RECORDED INFORMATION

========

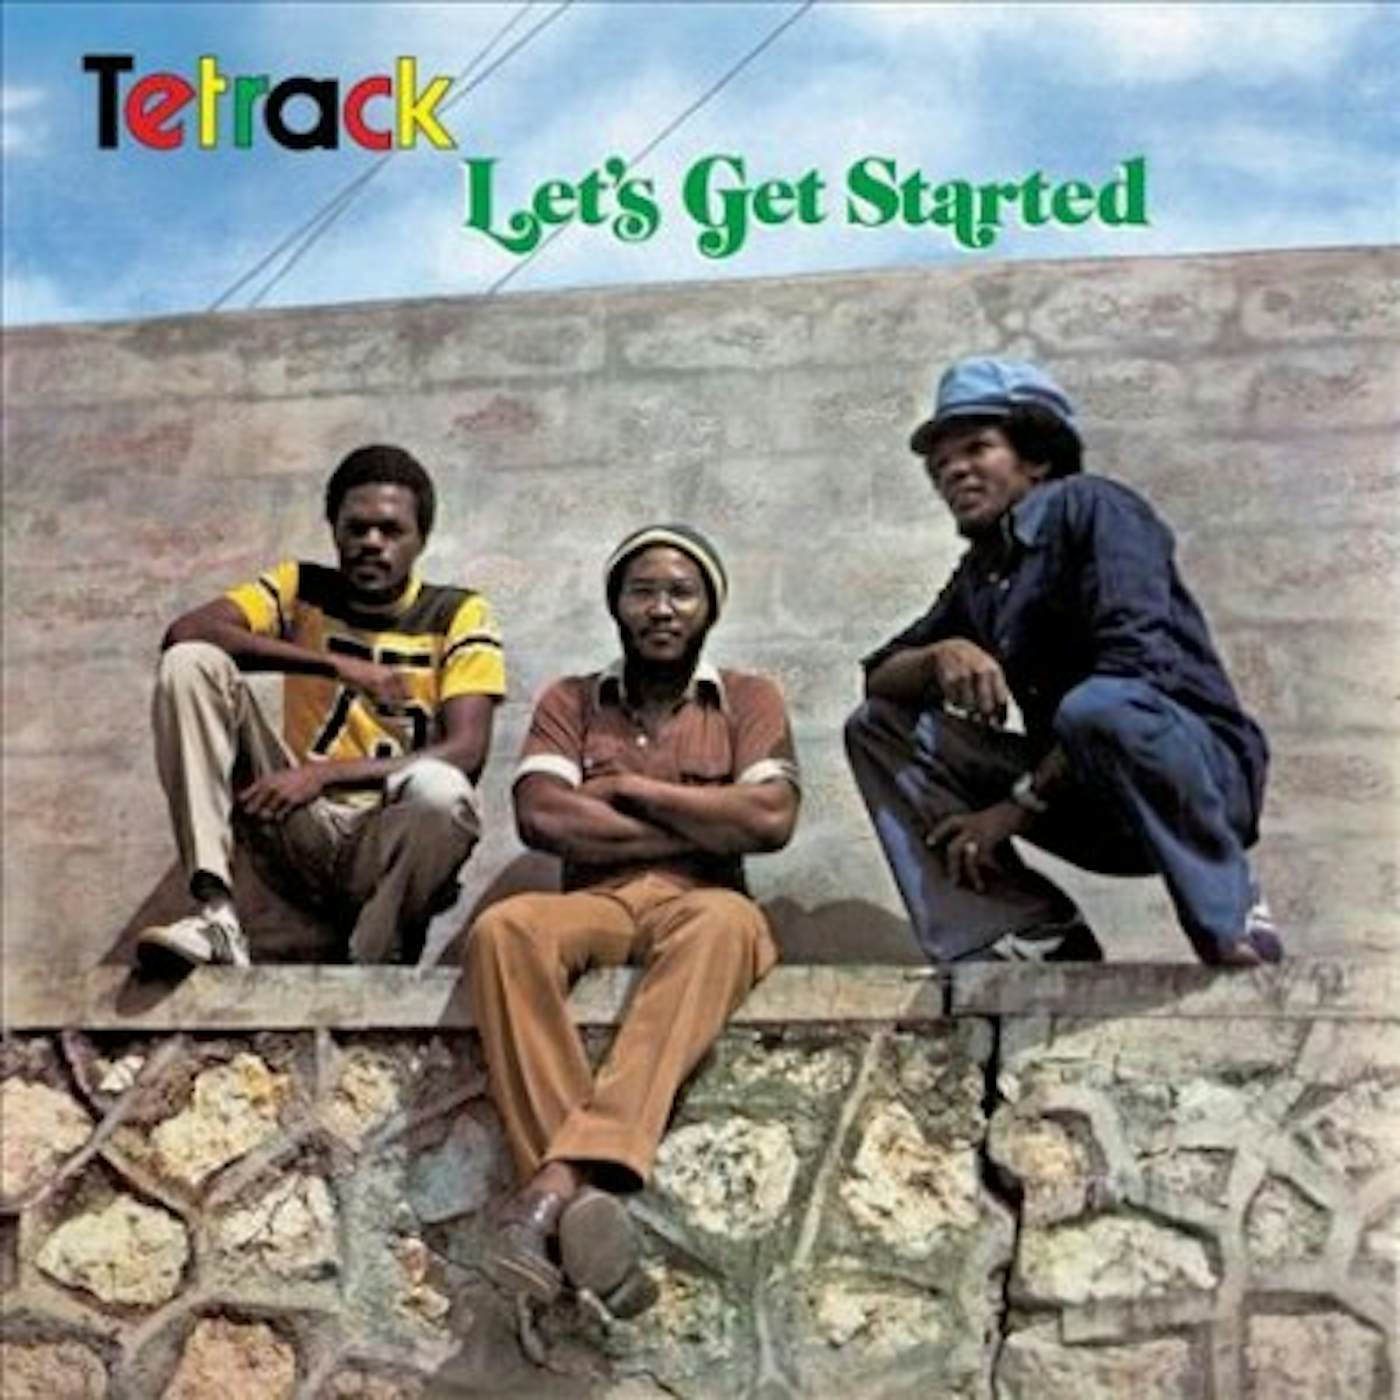 Tetrack Let's get started Vinyl Record
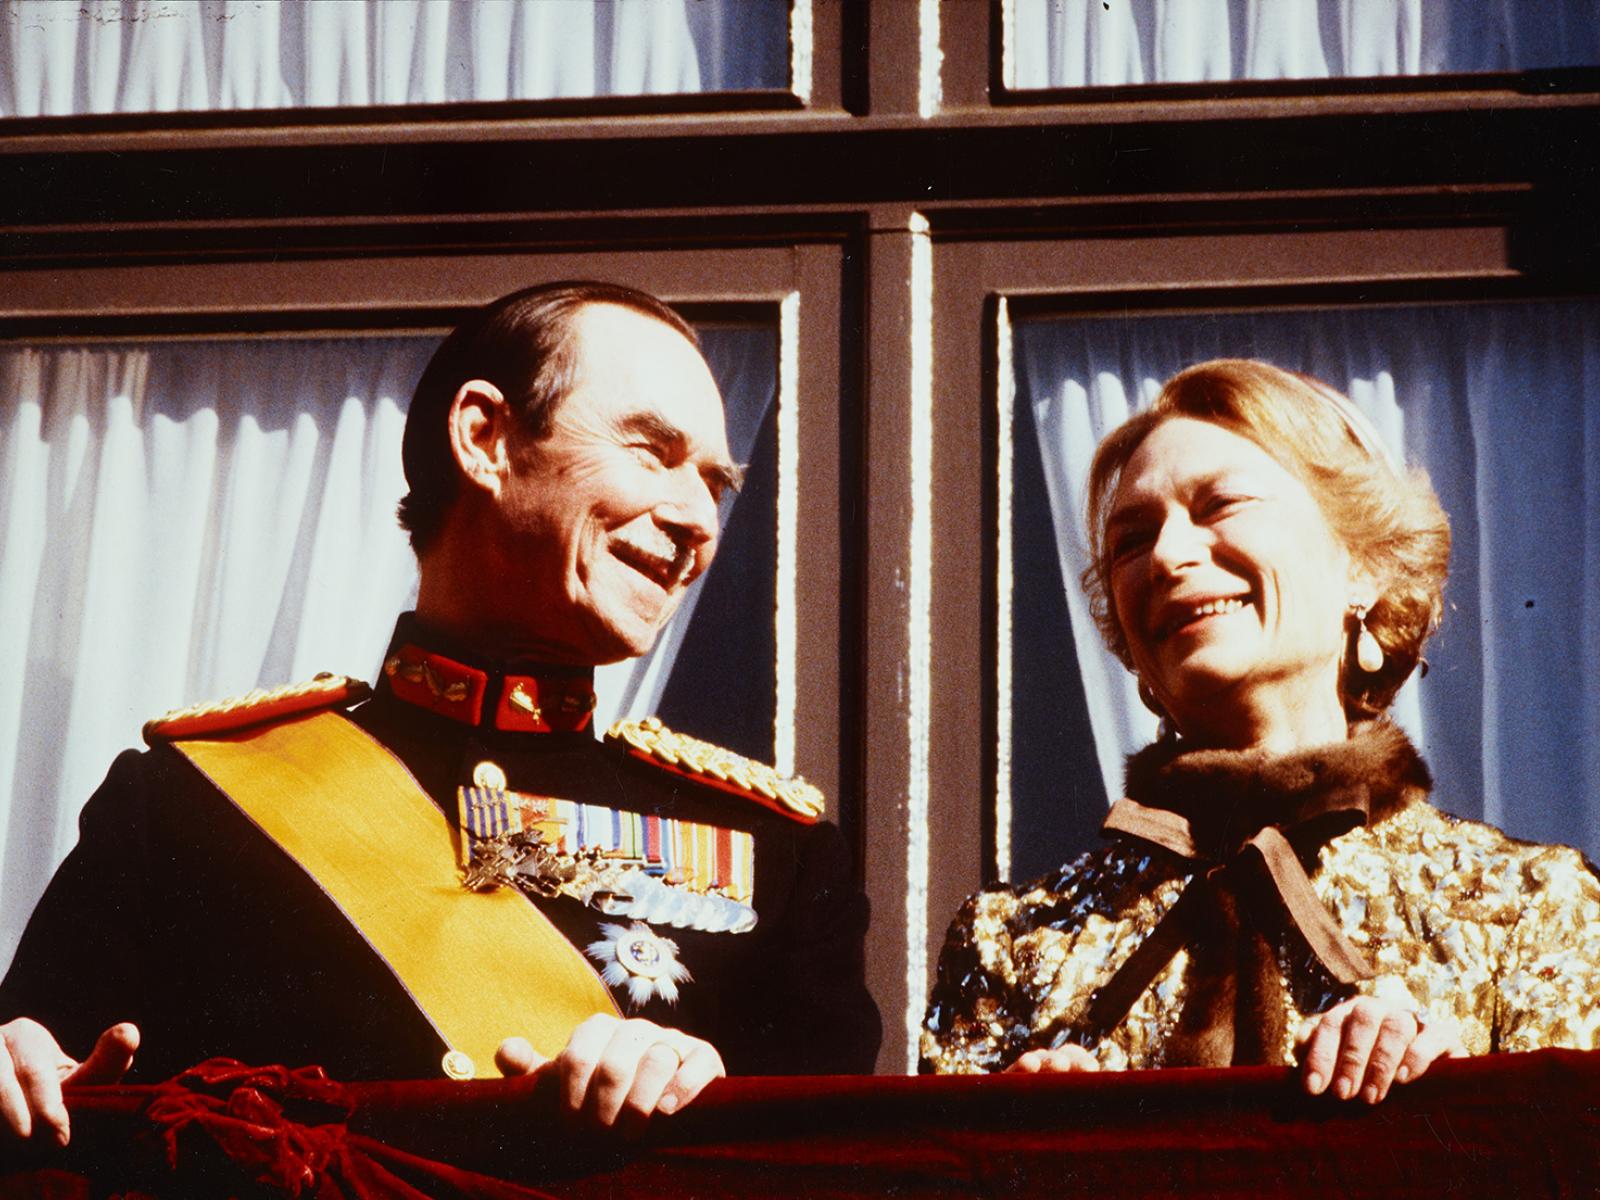 Grand Duke Jean and Grand Duchess Joséphine-Charlotte on the balcony of the Grand Ducal Palace
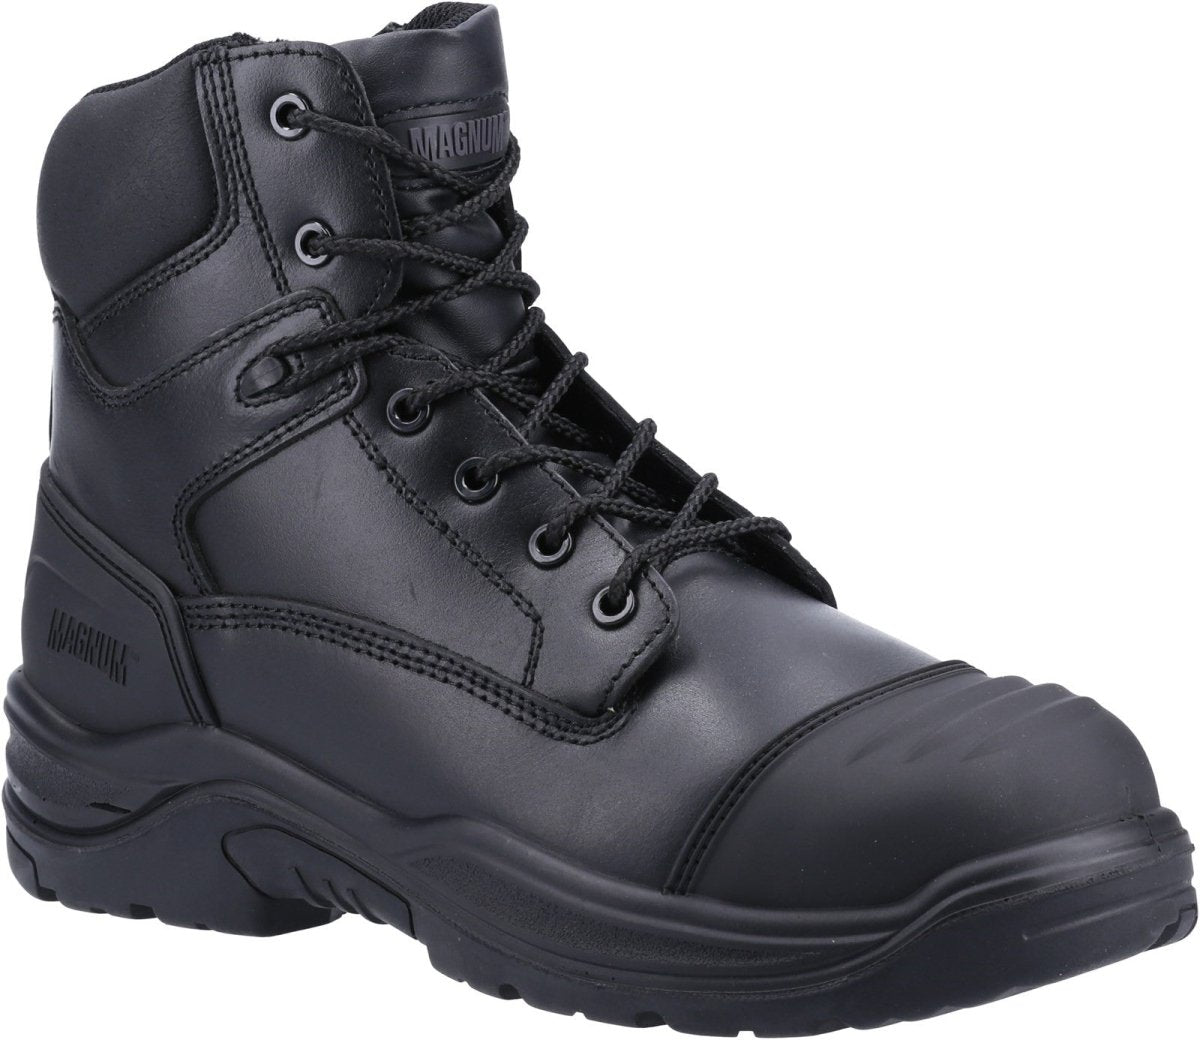 Magnum Roadmaster Composite Metatarsal Safety Boots - Shoe Store Direct

========

EXERCISE OBJECTIVE
Strip out the pictures and repeat the listing above exactly.

SOLVED PROBLEM
 Tetrack Let's get started Vinyl Record
 Grand Duke Jean and Grand Duchess Joséphine-Charlotte on the balcony of the Grand Ducal Palace
 Magnum Roadmaster Composite Metatarsal Safety Boots - Shoe Store Direct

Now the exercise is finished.